Another thing that really impressed me at the funeral service was how his children could go up in front of thousands of people in the church and talk about their dad. I wanted what the Parker family had. Each Parker child that spoke made me cry. I had to move so that no one would see me. Little did I know that most of the people in the church were crying also. I learned from Mr. Parker and my Kenpo brothers, how to fight any man and never be afraid but the true battle in life is not against man for our enemy is not flesh and blood but we wrestle against principalities, against powers, against the rulers of the darkness of this world, again spiritual wickedness in high places. Ephesians 6:12.
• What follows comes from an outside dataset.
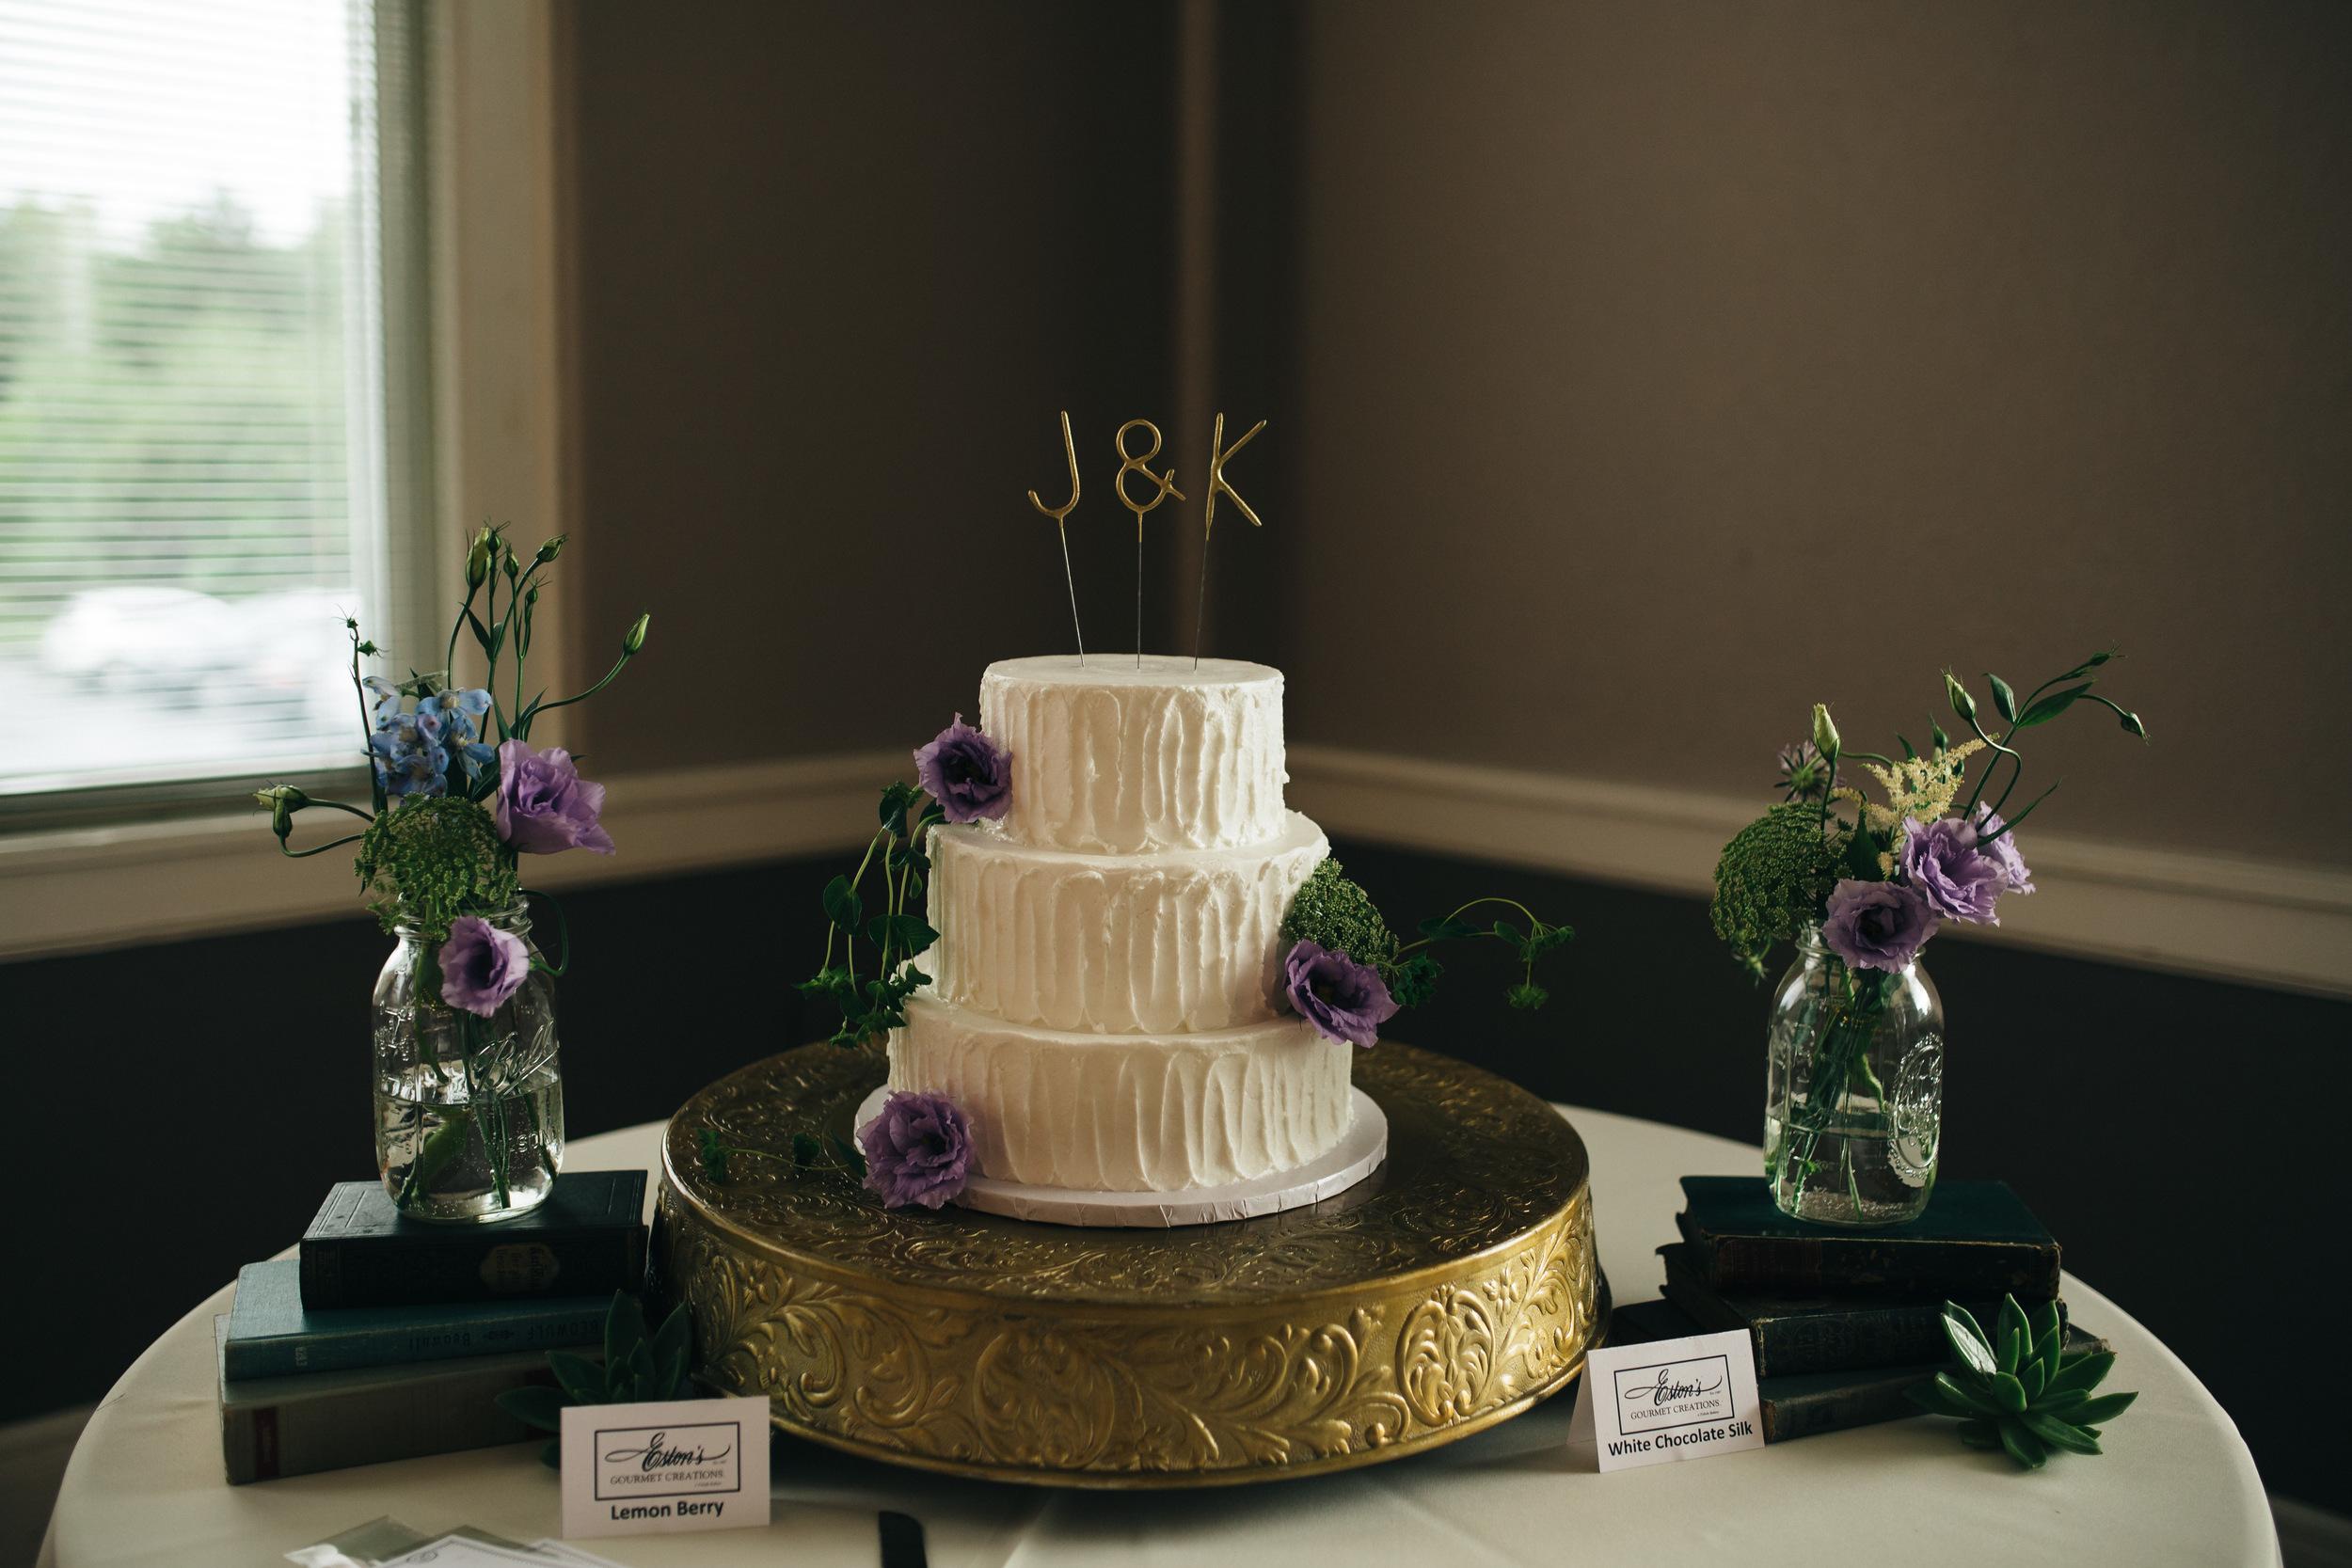 Eston's Bakery wedding cake from Toledo, Ohio.

This was it! This was the final chapter of Mr. Ed Parker, death had overcome his body but Ed Parker knew as he discussed many times with Elvis, that death was a re-birth into another sphere of learning and development and that he had read about it. They had often spoken of the body, no more than a robe that clothed a spirit. Now, Mr. Parker's body was before us and he had experienced this transformation, he had returned from the mortal to the spiritual. His mortal body was now disrobed from his spirit. My turn is yet to come, time would place me in the same realm that Mr. Parker was now in. He no longer had to suffer the frailties of the flesh. No more hardships, no more worries, it was all behind him. As I prepare to leave, I bid him farewell, saying in my mind, that we would meet again, when my time comes.
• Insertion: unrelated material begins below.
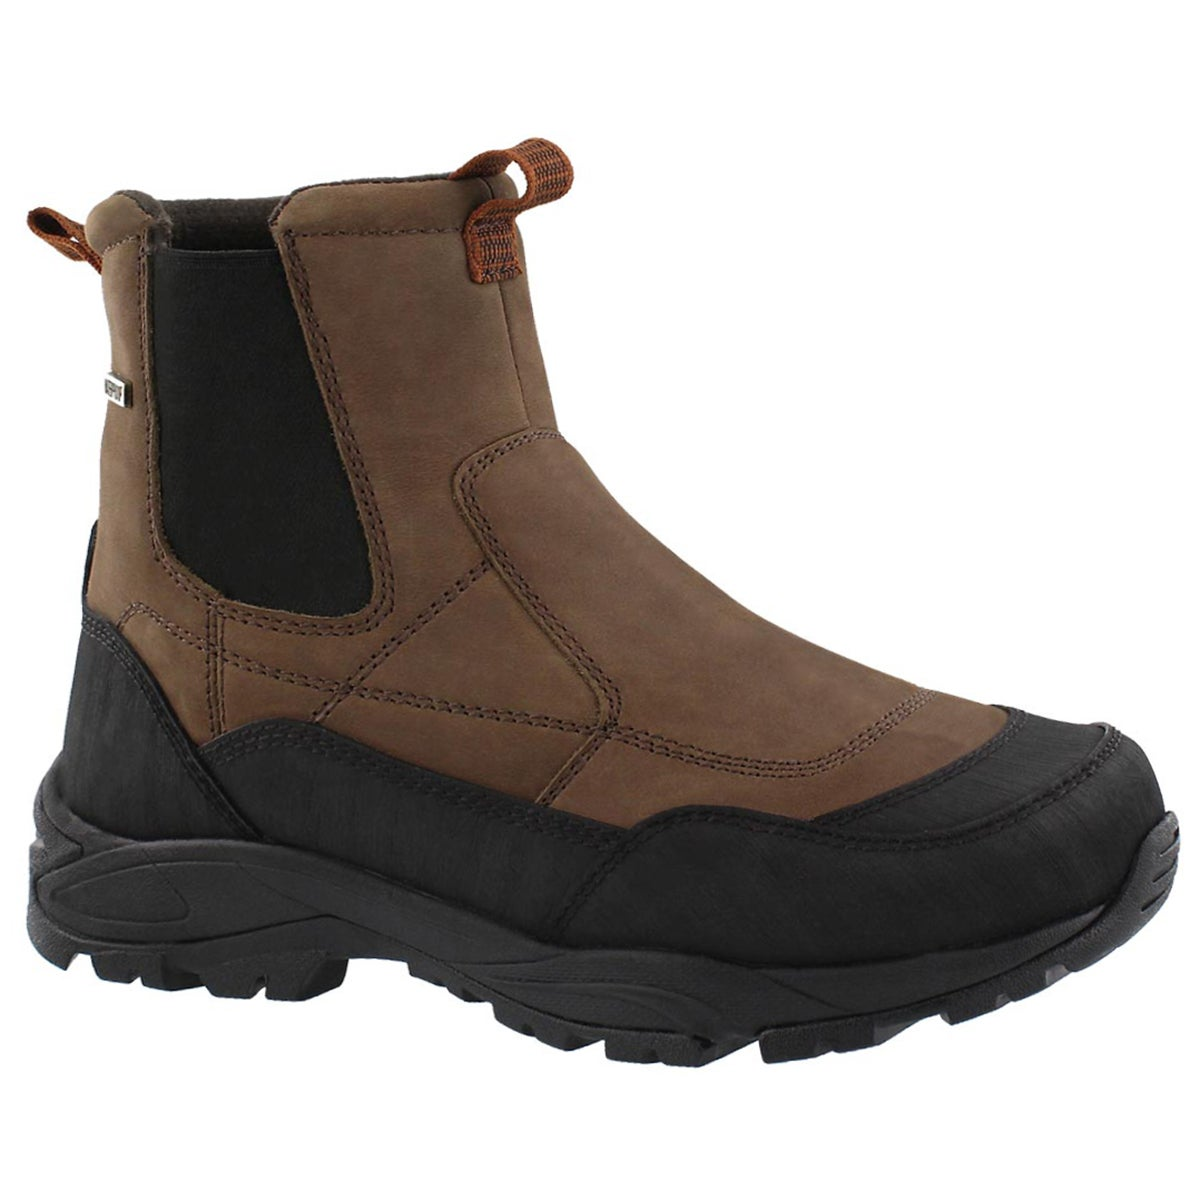 Men's MASON brown waterproof winter boots

This day was to write an end to an illustrious era that had lasted for more than four decades. As the service concluded at the church, my car was the first car behind the Parker family car. I made it a point to be as close to them as I could for the entire day. We arrived at the cemetery and I think the line of cars went all the way from the church to the burial site.
When we finally got to the gravesite I found myself standing and supporting Mr. Parker's brother Joe, watching my friend carrying Mr. Parker to the gravesite. We stood there; two grown men crying openly both hoping the tears would release the tension and settle our emotions. The service at the gravesite was fairly brief and ended with all of us giving him one final salute and bow to our teacher and dear friend. I thought of a song “I'll remember you” by Don Ho. I choked with emotion.